Re: [PATCH] sockets: update SOCKET_ADDRESS_TYPE_FD listen(2) backlog

[Eric Blake]

On 3/10/21 11:30 AM, Stefan Hajnoczi wrote:
> socket_get_fd() fails with the error "socket_get_fd: too many
> connections" if the given listen backlog value is not 1.
> 
> Not all callers set the backlog to 1. For example, commit
> 582d4210eb2f2ab5baac328fe4b479cd86da1647 ("qemu-nbd: Use SOMAXCONN for
> socket listen() backlog") uses SOMAXCONN. This will always fail with in
> socket_get_fd().
> 
> This patch calls listen(2) on the fd to update the backlog value. The
> socket may already be in the listen state. I have tested that this works
> on Linux 5.10 and macOS Catalina.
> 
> As a bonus this allows us to detect when the fd cannot listen.

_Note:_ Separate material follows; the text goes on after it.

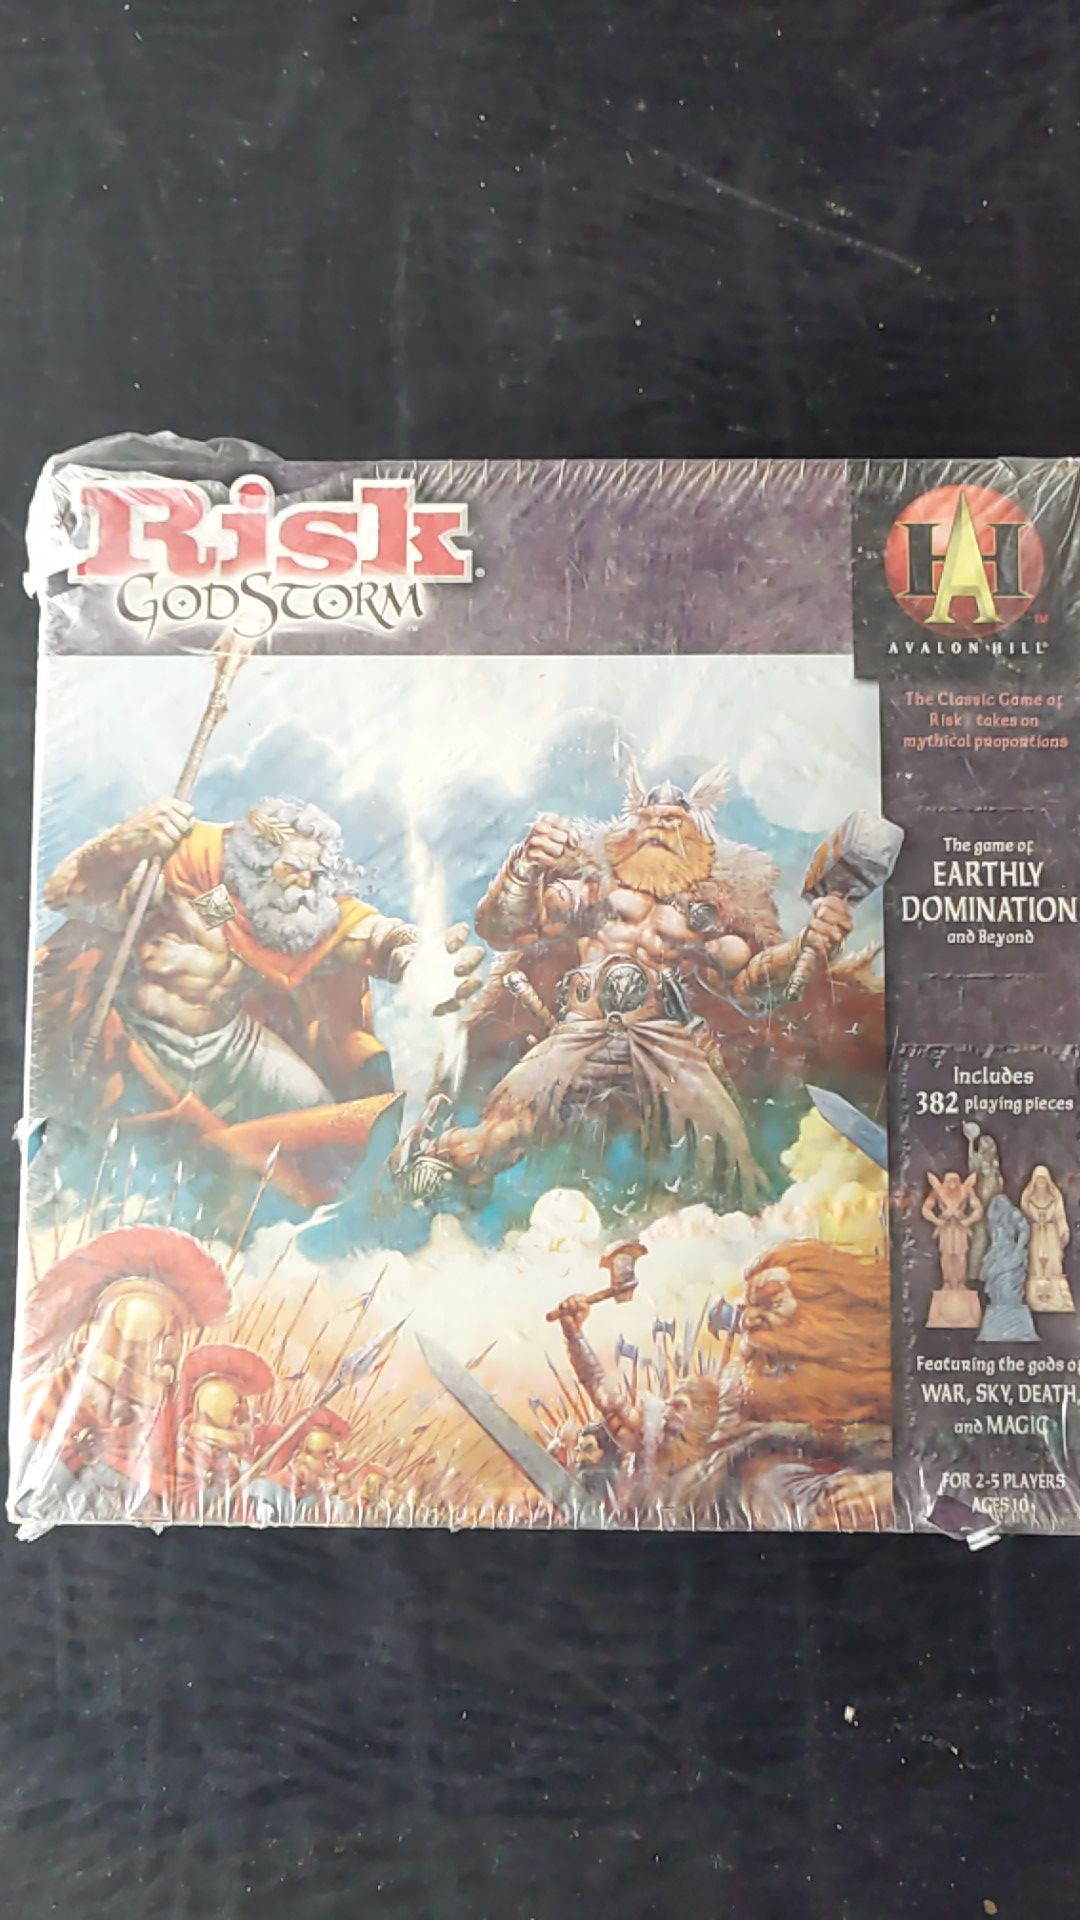 Risk God Storm, The Game of Earthly Domination and Beyond

Now we'll
> be able to catch unbound or connected fds in socket_listen().
> 
> Drop the num argument from socket_get_fd() since this function is also
> called by socket_connect() where a listen backlog value does not make
> sense.
> 
> Fixes: e5b6353cf25c99c3f08bf51e29933352f7140e8f ("socket: Add backlog parameter to socket_listen")
> Reported-by: Richard W.M. Jones <rjones@redhat.com>
> Cc: Juan Quintela <quintela@redhat.com>
> Cc: Eric Blake <eblake@redhat.com>
> Signed-off-by: Stefan Hajnoczi <stefanha@redhat.com>
> ---
>  util/qemu-sockets.c | 29 ++++++++++++++++++++++-------
>  1 file changed, 22 insertions(+), 7 deletions(-)

Reviewed-by: Eric Blake <eblake@redhat.com>

-- 
Eric Blake, Principal Software Engineer
Red Hat, Inc.           +1-919-301-3226
Virtualization:  qemu.org | libvirt.org

Re: [PATCH] sockets: update SOCKET_ADDRESS_TYPE_FD listen(2) backlog

[Stefano Garzarella]

On Wed, Mar 10, 2021 at 05:30:04PM +0000, Stefan Hajnoczi wrote:
>socket_get_fd() fails with the error "socket_get_fd: too many
>connections" if the given listen backlog value is not 1.
>
>Not all callers set the backlog to 1. For example, commit
>582d4210eb2f2ab5baac328fe4b479cd86da1647 ("qemu-nbd: Use SOMAXCONN for
>socket listen() backlog") uses SOMAXCONN. This will always fail with in
>socket_get_fd().
>
>This patch calls listen(2) on the fd to update the backlog value. The
>socket may already be in the listen state. I have tested that this works
>on Linux 5.10 and macOS Catalina.

Confirmed also from the listen(2) man page of FreeBSD:
"A subsequent listen() system call on the listening socket allows the 
caller to change the maximum queue length using a new backlog argument."

>
>As a bonus this allows us to detect when the fd cannot listen. Now we'll
>be able to catch unbound or connected fds in socket_listen().
>
>Drop the num argument from socket_get_fd() since this function is also
>called by socket_connect() where a listen backlog value does not make
>sense.
>
>Fixes: e5b6353cf25c99c3f08bf51e29933352f7140e8f ("socket: Add backlog parameter to socket_listen")
>Reported-by: Richard W.M. Jones <rjones@redhat.com>
>Cc: Juan Quintela <quintela@redhat.com>
>Cc: Eric Blake <eblake@redhat.com>
>Signed-off-by: Stefan Hajnoczi <stefanha@redhat.com>
>---
> util/qemu-sockets.c | 29 ++++++++++++++++++++++-------
> 1 file changed, 22 insertions(+), 7 deletions(-)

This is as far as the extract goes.